Philippine prison warden charged with murder of journalist


MANILA, Philippines (AP) — Philippine authorities on Monday filed a murder complaint against a prison officer and aide accused of masterminding. Murder of a radio commentator The crimes they said showed how the country’s prison system had turned into a “criminal gang.”

The complaint was filed against corrections director Gerald Bantag, prison guard Ricardo Zulueta, and other key suspects in the Oct. 3 shooting of Percival Mabatha, who had their sentences suspended. . Journalists had sharply criticized Bantag and other officials for alleged corruption and other irregularities.

Mabatha, who used the broadcast name Percy Rapid, is one of the latest media workers to be killed in the Southeast Asian country, considered one of the world’s most dangerous countries for journalists.

According to a joint statement read at a press conference by the chief justice of the Supreme Court, interior and police officials, three gang leaders imprisoned in the country’s largest prison under Mr. ) was wiretapped to find the gunman who would kill Mabasa under the contract.

But after the killing, the shooter, identified by police as Joel Escorial, surrendered in fear after government officials raised the reward for his capture. He publicly identified an inmate, Jun Vilamour, who he said had been assigned to call him and arrange for Mavasa’s murder by a police officer. Gang leaders then suffocated him with a plastic bag, allegedly on the orders of Bantag and Zulueta, and killed him in prison, according to officials.

“Bantag had a clear motive for carrying out the murder,” the official said in a statement.

Mabatha was shot dead for critical exposure to the prison warden, and Villamor was murdered inside the prison by the gang leaders as a cover-up.

Bantag denies any involvement in the killing. He and Zulueta have also been charged with the murder of Villamor. An arrest warrant has not yet been issued, officials said.

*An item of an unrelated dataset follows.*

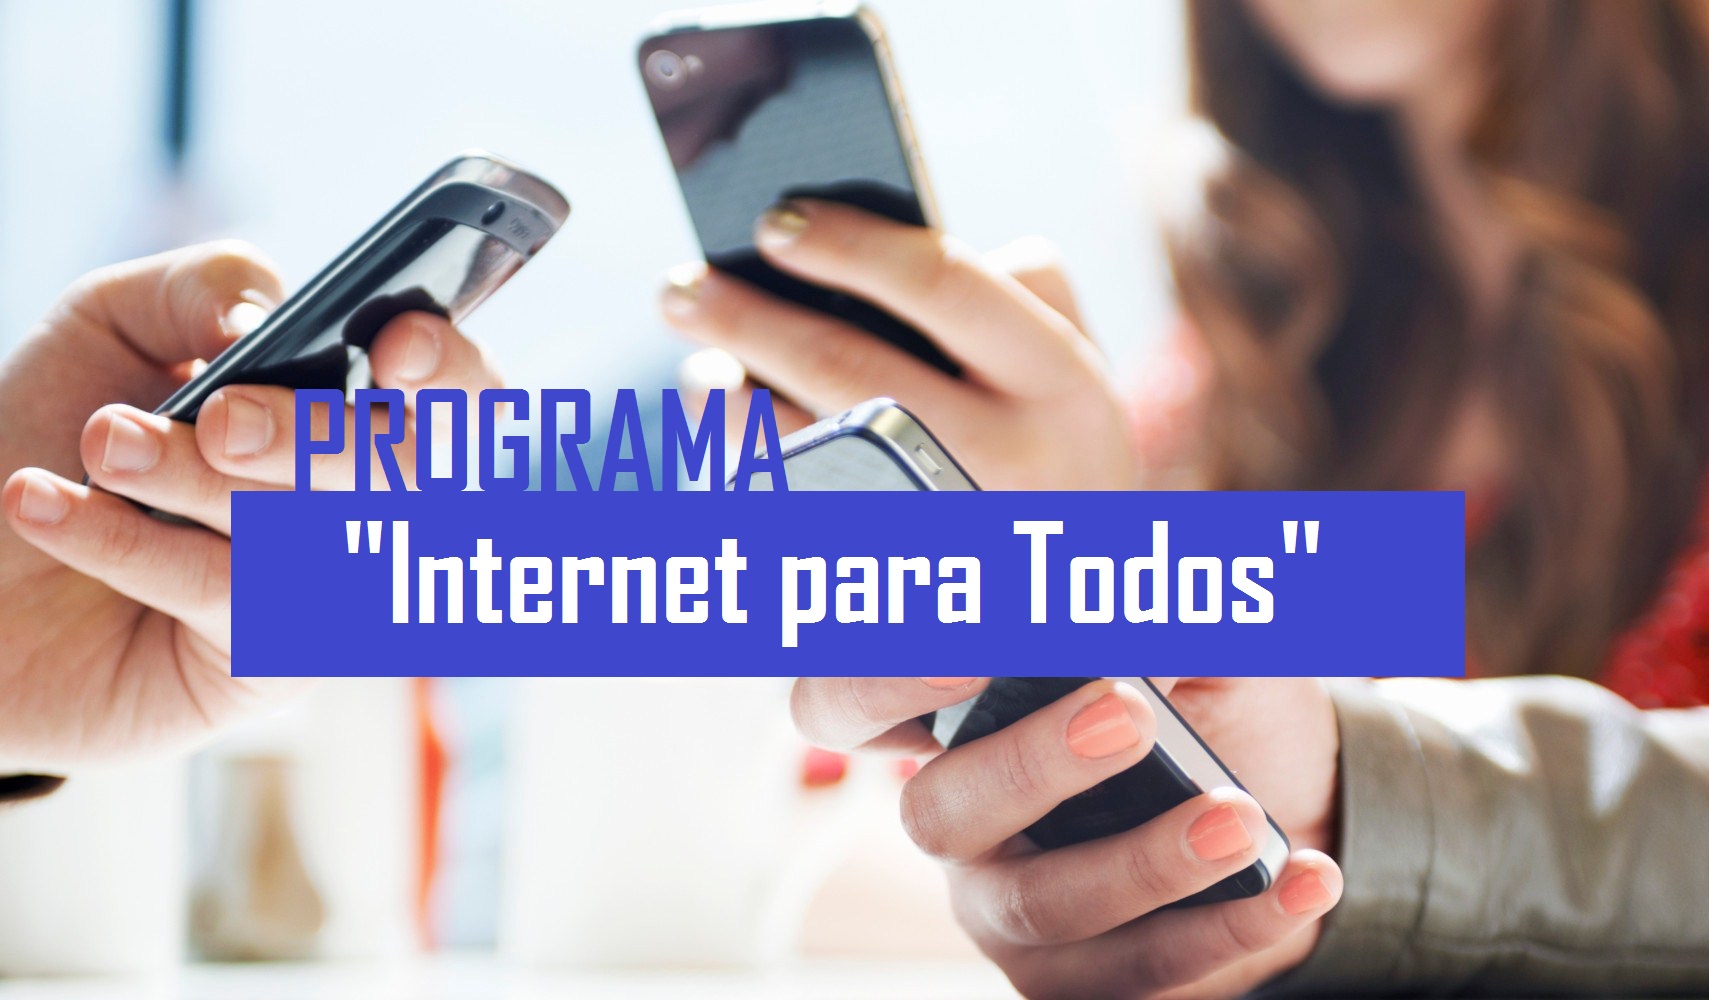 Vereador requer implantação do programa “Internet Para Todos” no município

Investigations into the killings have revealed an “unfortunate transformation of the pillar of justice, the pillar of correction, into a deep, large-scale and organized criminal gang,” officials said in a statement.

“This will be the cause of many reforms in government and strengthening of current mechanisms to ensure that this kind of thing never happens again,” they said.

In addition to Bantag, Mr. Rapid has also criticized former President Rodrigo Duterte, who oversaw a deadly drug crackdown. Duterte ended a turbulent six-year term in June.

Media watchdogs have condemned Mavasa’s murder, and the attack highlights how deadly the Philippines is to journalists.

Nearly 200 journalists have been killed in the country since dictator Ferdinand Marcos was overthrown in 1986, according to the Union of Journalists. The group led a protest on Tuesday night calling on the government to do more to stop the killings.

In 2009, members of a powerful political family and their associates killed 58 people, including 32 media workers, in an execution-style attack in Maguindanao del Sur that terrorized the world.

Mass killings linked to political confrontations have demonstrated the dangers journalists face in the Philippines, with its many unlicensed guns, private armies controlled by powerful clans, and weak law enforcement, especially in rural areas.